Examples of polyhydric alcohol esters include fatty acid polyhydric alcohol esters such as fatty acid triglyceride.

The aqueous dispersion medium can be used as a medium when wet-grinding tobacco. In this case, the tobacco material of the present invention can be prepared together with pulverization. At this time, it is preferable to use a mixed solvent of water and glycerin because the average particle size of the tobacco particles can be easily adjusted to a desired range. When tobacco particles are obtained by dry pulverization, the tobacco material of the present invention can be prepared by mixing the pulverized tobacco particles with an aqueous medium.

The mixing ratio of water and the organic compound is not limited. In particular, when using a mixed solvent of water and glysenrin, the mixing ratio may be arbitrary. However, from the viewpoint of workability and safety, the content of water in the aqueous dispersion medium is preferably more than 50% by weight, more preferably 80% by weight or more, and still more preferably 90% by weight or more. .

(3) Hemicellulose Hemicellulose is a polysaccharide contained in plant cell walls. The tobacco material of the present invention comprises no more than 0.8% by weight of hemicellulose, based on bone dry tobacco particles. Hemicellulose is likely to interact with water, thereby increasing the viscosity of the tobacco material. However, in the present invention, since the amount of hemicellulose is reduced, the viscosity is low and it is easy to spray on a substrate such as tobacco cut. From this point of view, the amount of hemicellulose is preferably 0.5% by weight or less based on bone-dried tobacco particles. Although the lower limit of the amount of hemicellulose is not limited, it is preferably 0% by weight, or preferably 0.1% by weight or more.

Although the concentration of cellulose in the tobacco material of the present invention is not limited, it is preferably 12% by weight or less, more preferably 10.5% by weight or less, and further preferably 10% by weight or less from the viewpoint of viscosity. Preferably, 9% by weight or less is particularly preferred.

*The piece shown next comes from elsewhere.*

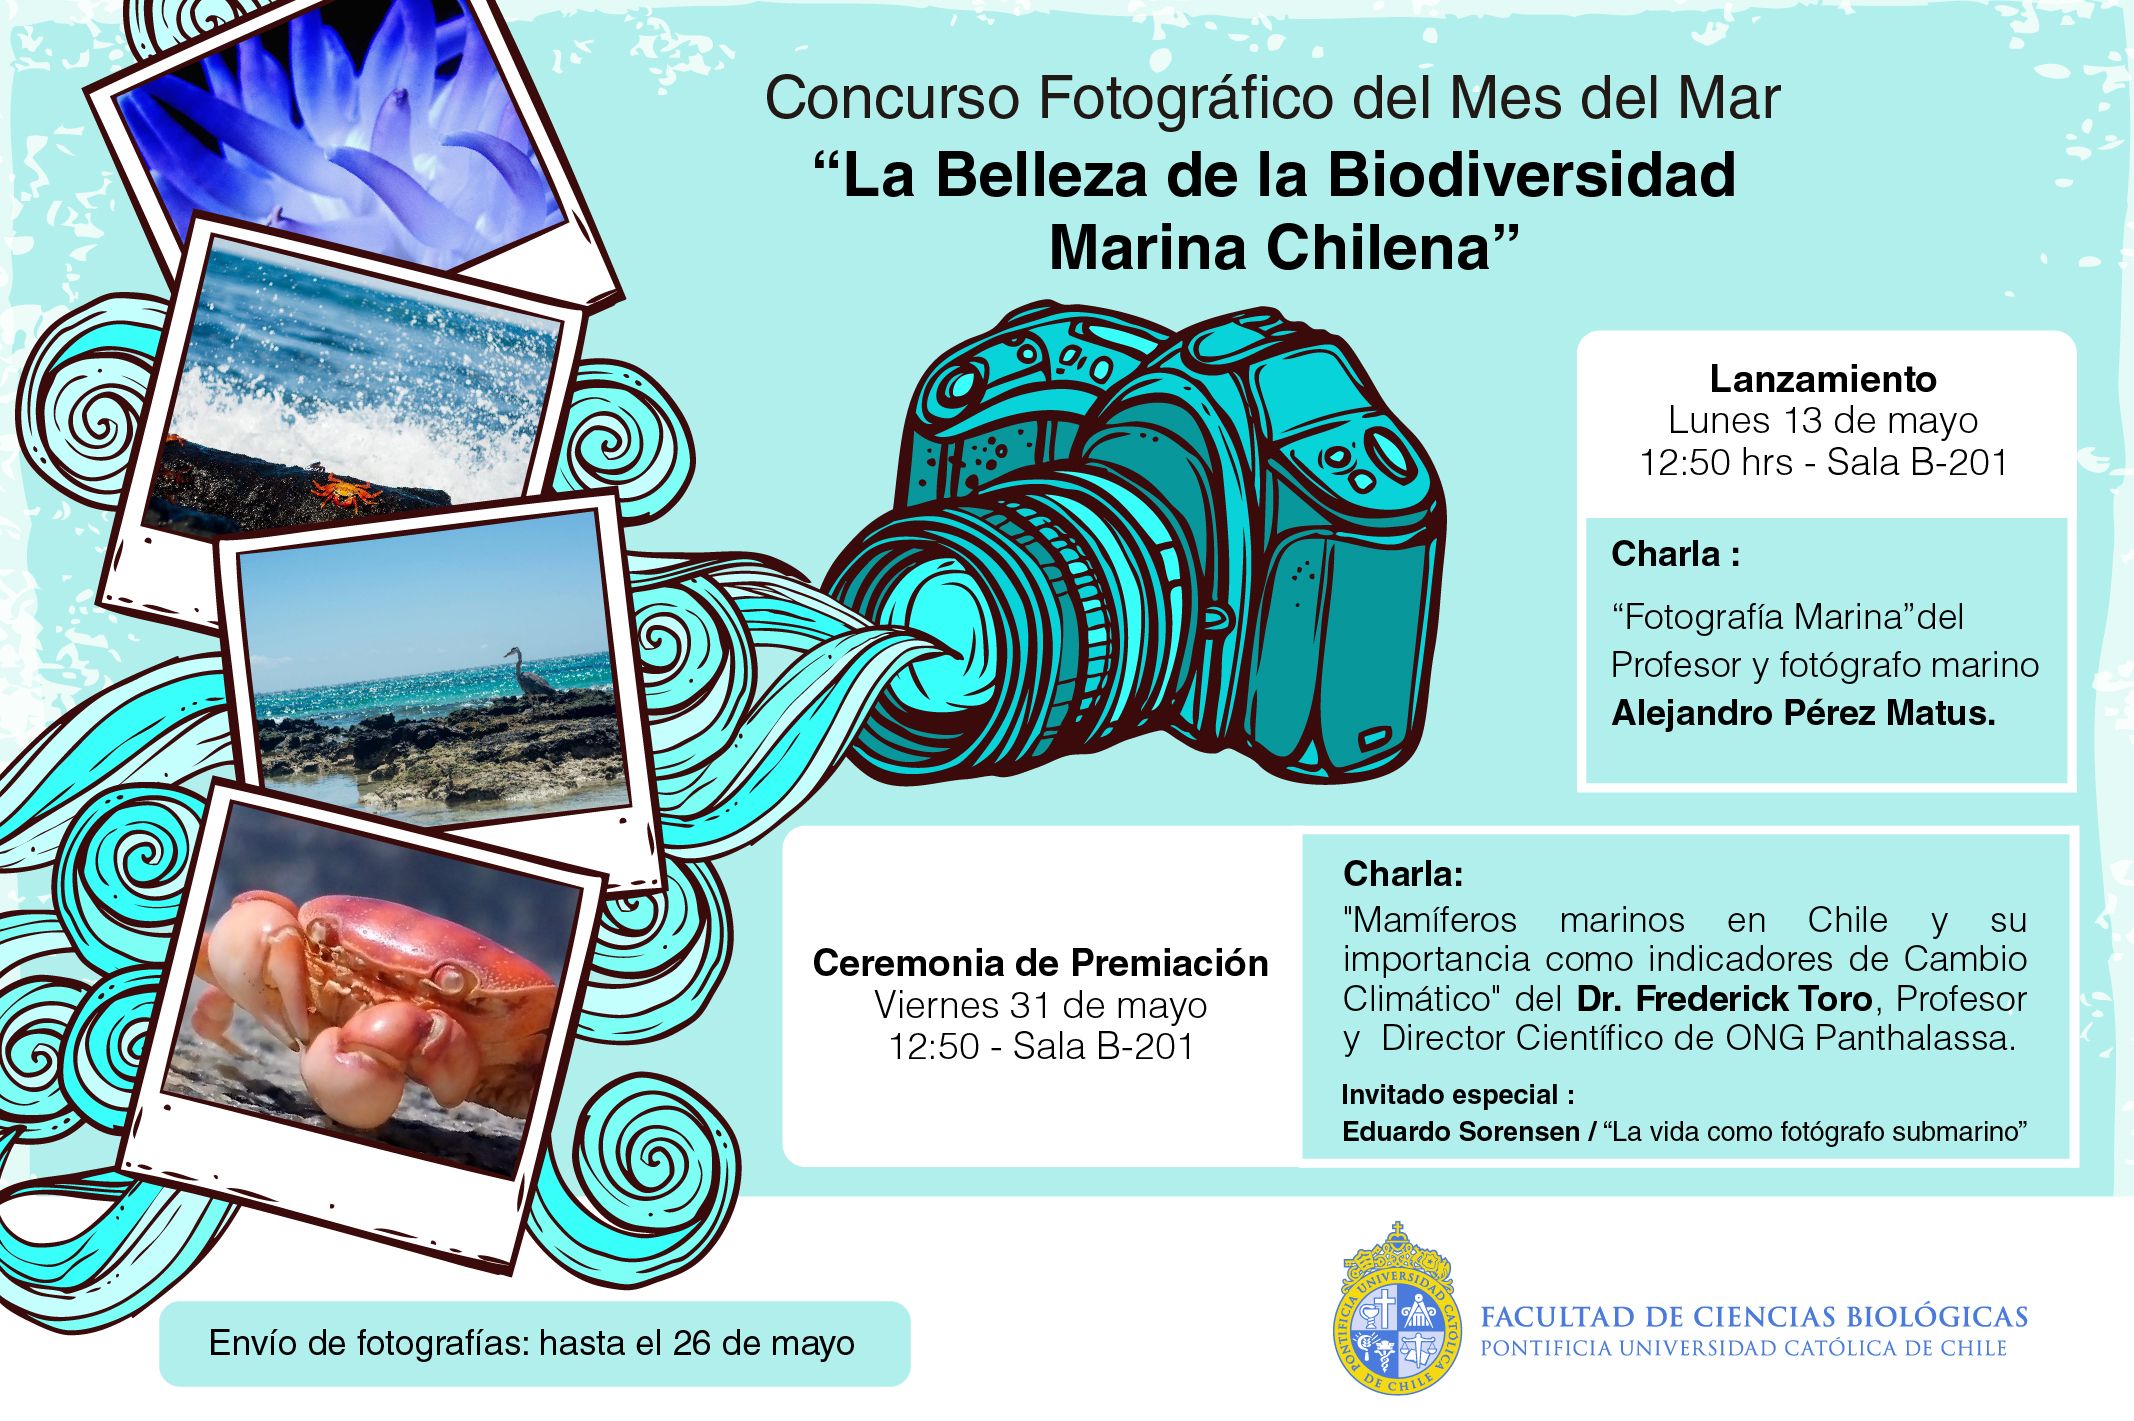 Concurso Fotográfico Mes del Mar “La Belleza de la Biodiversidad Marina Chilena”

(4) Properties In the tobacco material of the present invention, tobacco particles having an average particle diameter of 30 μm or less are dispersed in an aqueous dispersion medium. Preferably, the amount of tobacco particles in the tobacco material is from 1 to 40% by weight in dry state. When the amount of tobacco particles is in this range, the tobacco material of the present invention becomes a slurry having a suitable viscosity, and it becomes easy to apply to a substrate using a spray or the like, and uniform application becomes possible.

The pH of the tobacco material of the present invention is preferably 4.8 or less, more preferably 4.6 or less. The tobacco material obtained by the method of Patent Document 1 has a problem that the water activity is increased and the microorganism is proliferated, but the tobacco material of the present invention whose pH is in this range is difficult for the microorganism to grow and can maintain the quality. It also has the feature of The pH of the tobacco material is determined by measuring the hydrogen ion concentration in the tobacco material using a pH meter.

The viscosity of the tobacco material of the present invention is preferably 10 to 500 cp at 20 ° C., more preferably 10 to 200 cp, when the concentration of the tobacco particles is 16.7% by weight. The viscosity is measured by a B-type viscometer.

(5) Additives The tobacco material of the present invention may contain various additives. Additives include, for example, spearmint leaves for flavor and taste design, peppermint leaves, tea leaves such as green tea, coffee, cocoa, cardamom, menthol, materials for food such as sugar, and dispersion improvement by viscosity adjustment. Examples include polysaccharide thickeners such as glucan and pectin, additives for food such as various emulsifiers, sizing agents such as sodium carboxymethyl cellulose (CMC), curing agents for improving handling after addition to tobacco, etc. it can. The timing at which the additive is added is not limited, and it may be added and pulverized together before pulverizing the tobacco material, or may be added to the tobacco material. Although the ratio of additives may be optional, when the additive is contained, the total amount of tobacco particles and dispersion medium in the tobacco material of the present invention is preferably 90% by weight or more in the total amount of the tobacco material, 95% by weight It is more preferable that it is more than.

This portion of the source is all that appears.